Stored items from a collection
= Beginning of Section =

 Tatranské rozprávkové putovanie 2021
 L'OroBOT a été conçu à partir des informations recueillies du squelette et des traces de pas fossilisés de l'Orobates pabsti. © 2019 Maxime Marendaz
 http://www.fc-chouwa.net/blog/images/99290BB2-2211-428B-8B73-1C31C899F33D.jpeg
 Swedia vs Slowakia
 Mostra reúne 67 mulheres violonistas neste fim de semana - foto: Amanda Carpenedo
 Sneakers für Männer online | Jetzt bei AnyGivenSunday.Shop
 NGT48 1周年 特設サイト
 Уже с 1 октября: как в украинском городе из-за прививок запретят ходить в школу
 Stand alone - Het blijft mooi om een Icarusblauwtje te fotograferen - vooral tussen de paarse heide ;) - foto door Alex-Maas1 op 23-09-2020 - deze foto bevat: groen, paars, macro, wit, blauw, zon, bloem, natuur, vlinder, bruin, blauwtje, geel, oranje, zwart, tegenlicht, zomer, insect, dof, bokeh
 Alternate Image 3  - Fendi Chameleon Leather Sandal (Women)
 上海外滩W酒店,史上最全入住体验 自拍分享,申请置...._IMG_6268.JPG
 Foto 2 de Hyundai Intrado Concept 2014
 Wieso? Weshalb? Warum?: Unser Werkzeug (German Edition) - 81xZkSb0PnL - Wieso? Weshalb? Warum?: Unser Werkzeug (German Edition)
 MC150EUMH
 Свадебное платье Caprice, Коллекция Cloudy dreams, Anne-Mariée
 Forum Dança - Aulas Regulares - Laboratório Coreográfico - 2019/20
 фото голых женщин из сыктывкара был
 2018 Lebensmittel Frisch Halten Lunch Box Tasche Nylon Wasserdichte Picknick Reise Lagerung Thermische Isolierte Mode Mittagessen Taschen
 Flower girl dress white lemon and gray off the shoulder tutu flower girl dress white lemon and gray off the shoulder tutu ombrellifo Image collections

= End of Section =

--- WHAT TO PRODUCE ---
Begin at the line above that has "Уже с 1 октября: как" and stop after the line that has "Alternate Image 3", copying each line exactly and adding nothing else.

--- REPLY ---
 Уже с 1 октября: как в украинском городе из-за прививок запретят ходить в школу
 Stand alone - Het blijft mooi om een Icarusblauwtje te fotograferen - vooral tussen de paarse heide ;) - foto door Alex-Maas1 op 23-09-2020 - deze foto bevat: groen, paars, macro, wit, blauw, zon, bloem, natuur, vlinder, bruin, blauwtje, geel, oranje, zwart, tegenlicht, zomer, insect, dof, bokeh
 Alternate Image 3  - Fendi Chameleon Leather Sandal (Women)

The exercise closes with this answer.